A strong meaningful guarantee of equal protection of the law - equality to a human standard that addresses the needs of women as well as those of men -is essential to complete the U. S. Constitution. But we don't need a weak, politically compromised, bogus ERA that is as much a joke on women as Roe v. Wade. American women deserve better - but they need to get it, not by begging legislators, or rah-rah parades, but by serious, well-informed, and concerted feminist action from the grass roots up. Feminism does not cozy up to and embrace the status quo of men's dominance over women. Feminism works to challenge and put a stop to it. That's not easy, since sexism advantages all men just as racism pays off for all whites. But equality is certainly worth doing right.
For a more detailed analysis of the former ERA campaign and the key issues mentioned above, see www.equality4women.org.
I feel nothing but pity for this writer along with the deluge of dripping with self importance comments. This is the feminista madness of course. Now that these feminists are all going to lose there 401K along with there little jobs replete with a cute title; there illusion of "independence" is GONE. They will rue the day that they fell for all this male vs female garbage..But of course they drank the kool-aid and the cruel hoax of feminism and became parrots, automatons; unable to think for themselves. Now they can look forward to years of being surrounded by there cats and become bitter and twisted because it hasn't worked out. There counterparts, smart women who were not so easily led will be cared for by the family unit they have nurtured and maintained.
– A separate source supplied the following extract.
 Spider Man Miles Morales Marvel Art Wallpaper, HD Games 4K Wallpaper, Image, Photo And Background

Children who will love them when corporate America views them as nothing more than a sack of old bones. If you're young enough, turn it around now or end up like one of these bitter lonely old hags with nothing but memories. As a man I too have NO POWER whatsoever..Just like 95% of my male brethren. We are all in the same sick boat and are ruled by a few. Women should have seen that rather than turning this hatred against every man. Let it go, make your own life separate from all these "VIEWS" *Foot note: My kid sister is a big head honcho in education. Female controlled, only one male in the upper echelons. Do I care? Nope...She's good at her job. I guess I should be MOANING out loud. SO UNFAIR! It's because I am a man isn't it? I think you should all turn your vast energies towards securing food and shelter in the very near future.
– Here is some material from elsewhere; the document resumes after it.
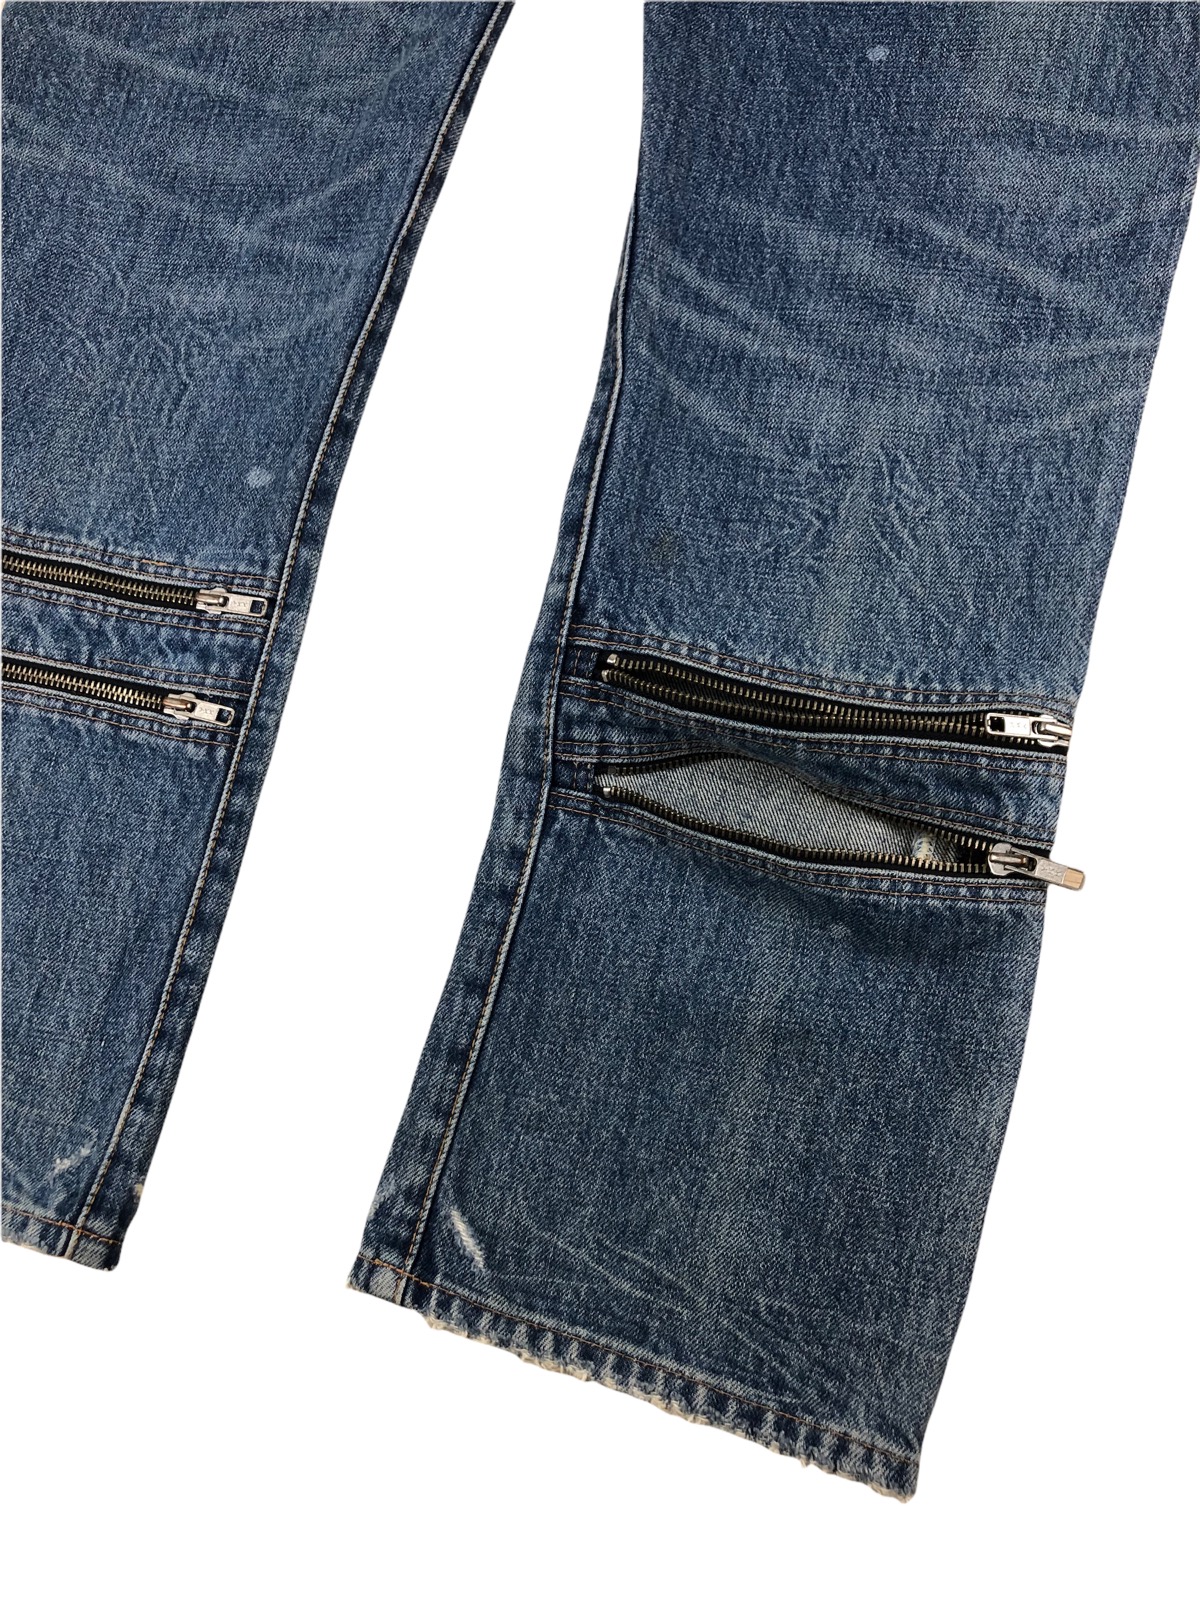 1990s RNA Multi zipper Seditionaries Punk Style Jeans - 9

Stavros Steve: I agree wholeheartedly with the writer's statements and sentiments. I am a young, well-educated woman and I personally experience what the writer is deploring in my professional life, as do my professional female friends.
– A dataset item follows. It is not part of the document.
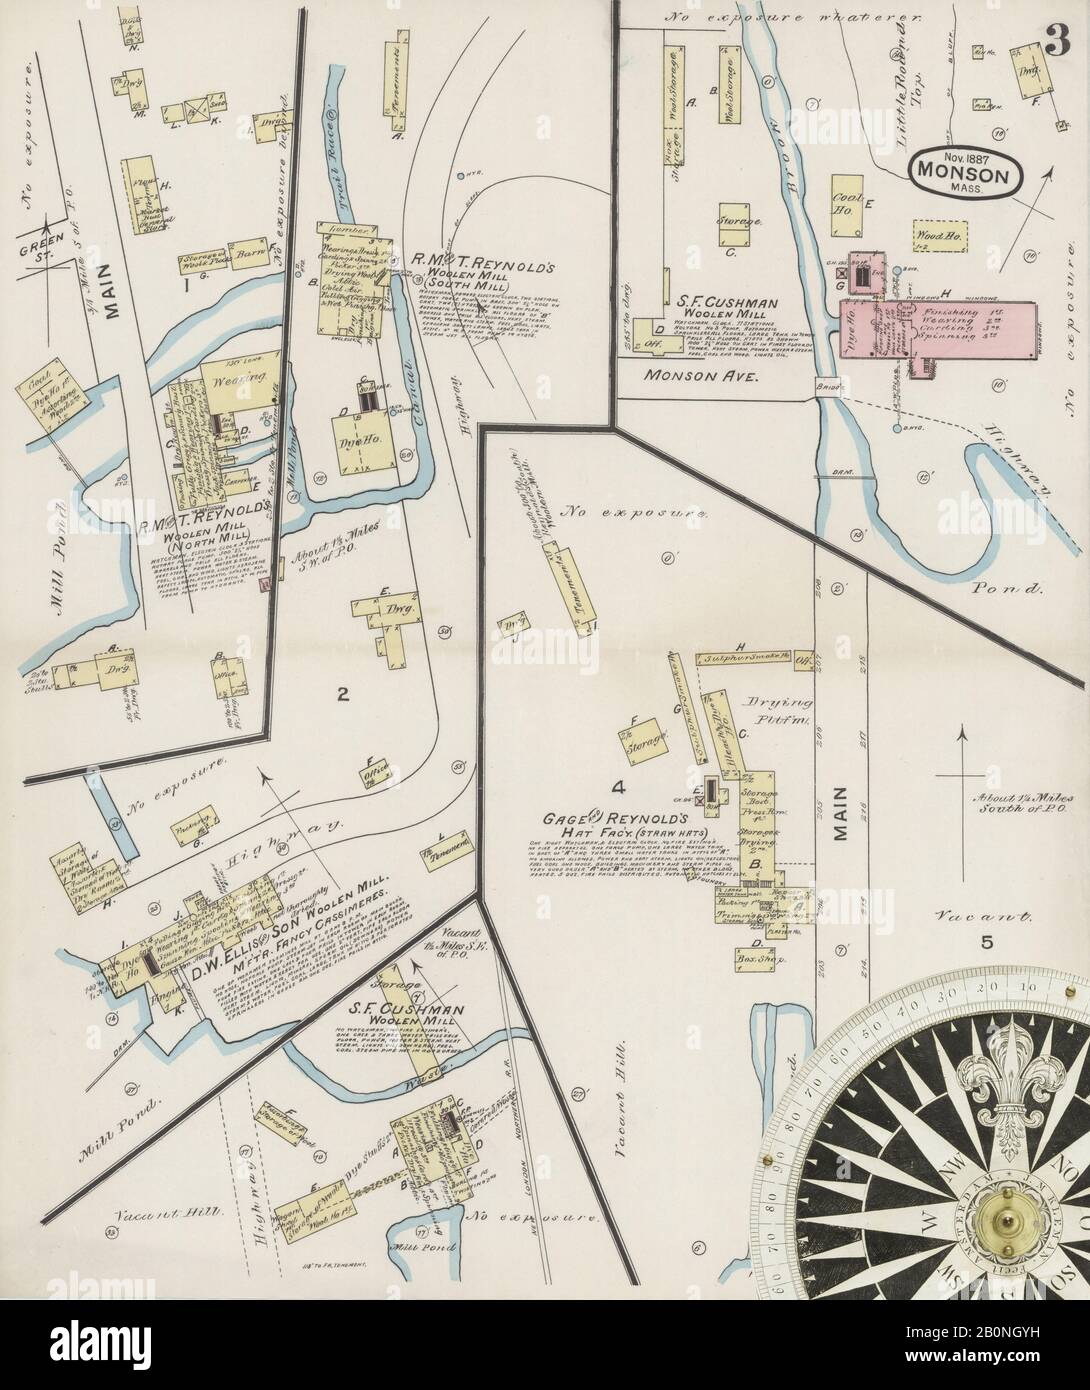 Bild 3 von Sanborn Fire Insurance Map aus Monson, Hampden County, Massachusetts. Nov. 3 Blatt(e), Amerika, Straßenkarte mit einem Kompass Aus Dem 19. Jahrhundert Stockfoto

I applaud and thank Ms. McBride for her efforts to advance the cause of gender equality and for calling attention to those impeding its progression.
Please, before you attempt to communicate anything to women of any designation, young, old, feminist, not feminist, etc., edit your comments to correct the misuse of the word "there" when you should have written "their." It will add a guise of credibility to your sentiments, as I will politely refer to them.
And I feel nothing but pity for you, Stavros Steve.